Personally, I prefer to merge the annotations to the metadata columns of the GRanges object:
m <- match(mcols(codingRegions)$TXID, mrg.data1b$TXID)
mcols(codingRegions) <- cbind(mcols(codingRegions),
DataFrame(mrg.data1b)[m, -1])
> codingRegions
GRanges with 5 ranges and 10 metadata columns:
seqnames ranges strand | CDSLOC PROTEINLOC
<Rle> <IRanges> <Rle> | <IRanges> <IntegerList>
[1] chr1 [39800000, 39800499] + | [3060, 3559] 1020,1187
[2] chr1 [90400000, 90400499] + | [1373, 1872] 458,624
[3] chr1 [90400000, 90400499] + | [1373, 1872] 458,624
[4] chr1 [90400000, 90400499] + | [1373, 1872] 458,624
[5] chr1 [39800066, 39800565] + | [3126, 3625] 1042,1209
QUERYID TXID CDSID GENEID TXNAME SYMBOL
<integer> <character> <integer> <character> <character> <character>
[1] 1 963 2948 23499 uc021olw.1 MACF1
[2] 2 1687 5132 55144 uc001dnm.3 LRRC8D
[3] 2 1688 5132 55144 uc001dnn.3 LRRC8D
[4] 2 1689 5132 <NA> uc021opq.1 <NA>
[5] 3 963 2948 23499 uc021olw.1 MACF1
GENENAME ENTREZID
<character> <factor>
[1] microtubule-actin crosslinking factor 1 23499
[2] leucine rich repeat containing 8 family, member D 55144
[3] leucine rich repeat containing 8 family, member D 55144
[4] <NA> <NA>
[5] microtubule-actin crosslinking factor 1 23499
---
seqlengths:
chr1
NA
Maybe this is what you wanted i.e. add the GENEID, TXNAME, SYMBOL, GENENAME, and ENTREZID metadata cols to the GRanges object 'codingRegions'?
H.
>
> Thanks for your help.
>
> Cheers../Murli
>
>
> -----Original Message-----
> From: Hervé Pagès [mailto:hpages at fhcrc.org]

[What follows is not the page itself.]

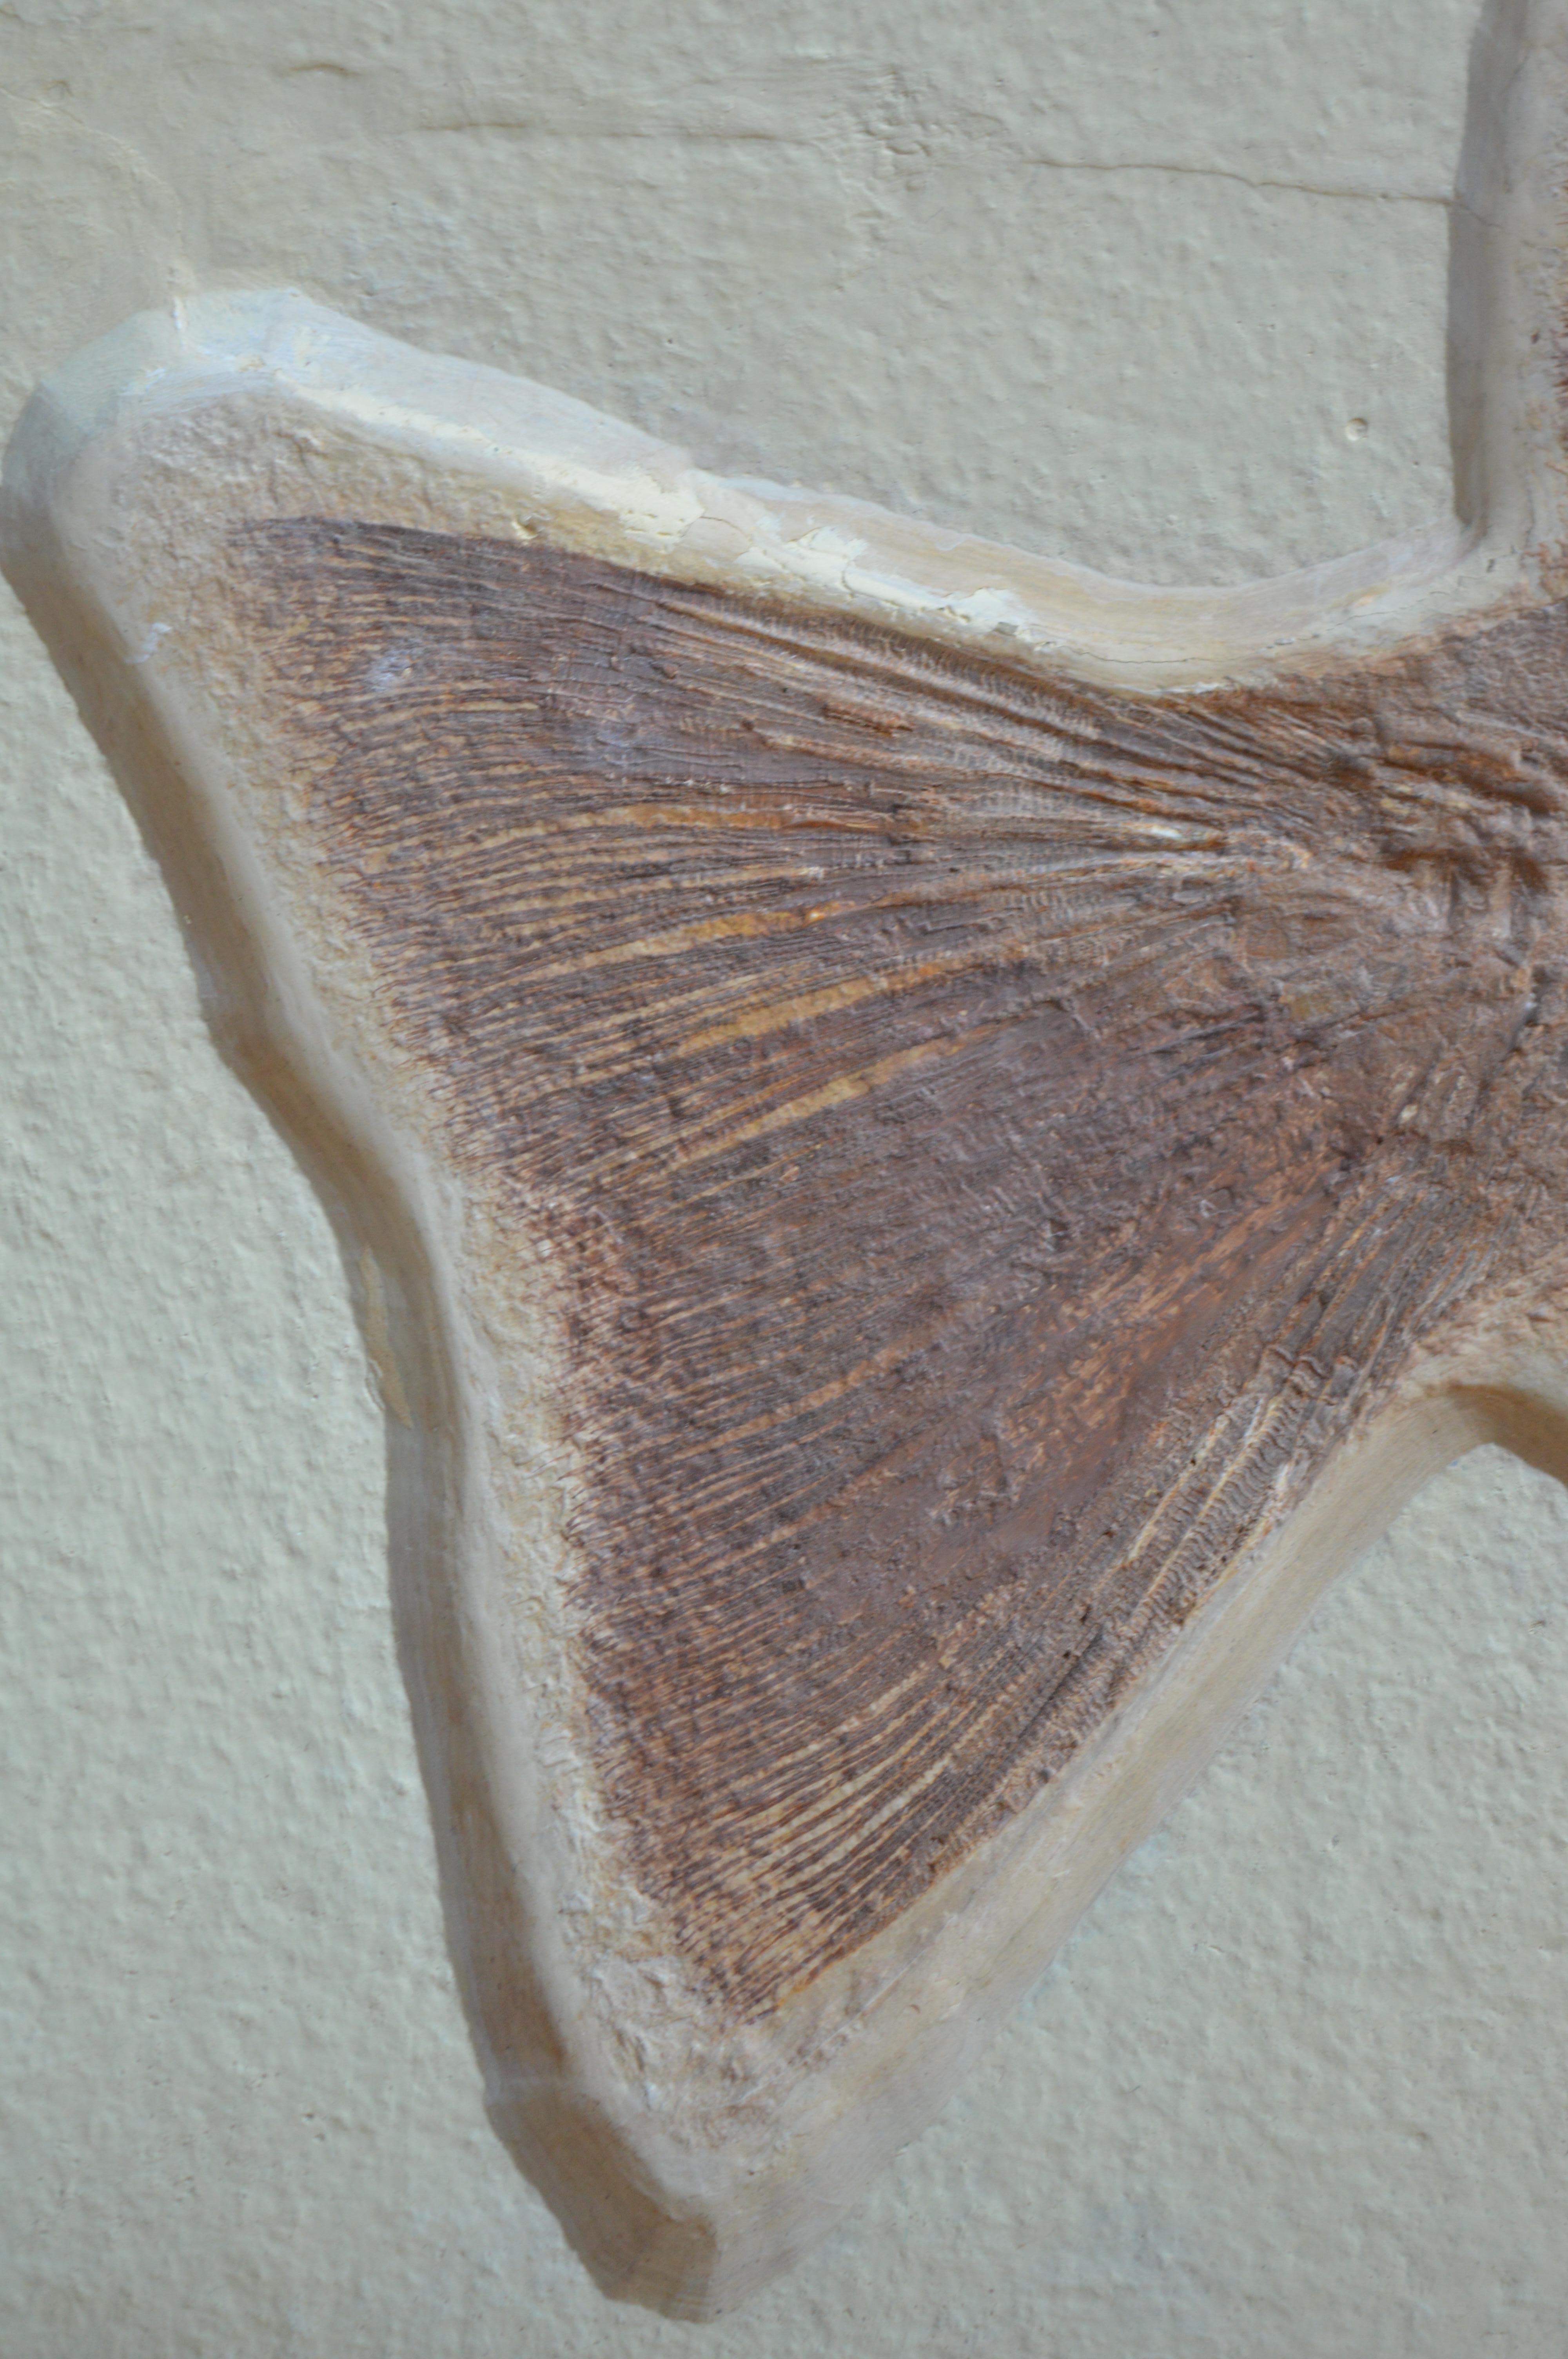 18th Century and Earlier Phareodus Fish Fossil from Eocene Era on Limestone

> Sent: Monday, June 24, 2013 8:29 PM
> To: Murli [guest]
> Cc: bioconductor at r-project.org; Nair, Murlidharan T
> Subject: Re: [BioC] merging GRange objects
>
> Hi Murli,
>
> On 06/24/2013 04:55 PM, Murli [guest] wrote:
>>
>> Hi,
>>
>> I would appreciate if you could tell me if the way I am merging the GappedAlignments object and GRanges objects is correct. mate1 and mate2 are GappedAlignment objects. I am merging them in order to associate my reads with the annotation.
>>
>> txdb = TxDb.Hsapiens.UCSC.hg19.knownGene
>>
>> mate.range=
>> GRanges(seqnames(mate1[isSameCzome]),IRanges(start(mate1[isSameCzome]
>> )
>> -offset,start(mate1[isSameCzome])+offset))
>>
>> codingRegions = refLocsToLocalLocs(mate.range, txdb)
>>
>> trans.info=select(txdb, key=values(codingRegions)$TXID,
>> cols=c("GENEID","TXNAME"), keytype="TXID")
>>
>> trans.names=select(org.Hs.eg.db, trans.info$GENEID, c("GENENAME",
>> "SYMBOL"))
>>
>> mrg.data1=merge(as.data.frame(trans.names),
>> as.data.frame(trans.info), by.x="ENTREZID", by.y="GENEID")
>>
>> mrg.data2=merge(mrg.data1, as.data.frame(codingRegions), by.x="TXID",
>> by.y="TXID")
>
> It looks like you are merging data.frames, not GappedAlignments or GRanges objects. Also you say that 'mate1' and 'mate2' are GappedAlignments objects but I only see 'mate1' in the above code.
>
> The exact meaning of "merging" depends on the objects involved.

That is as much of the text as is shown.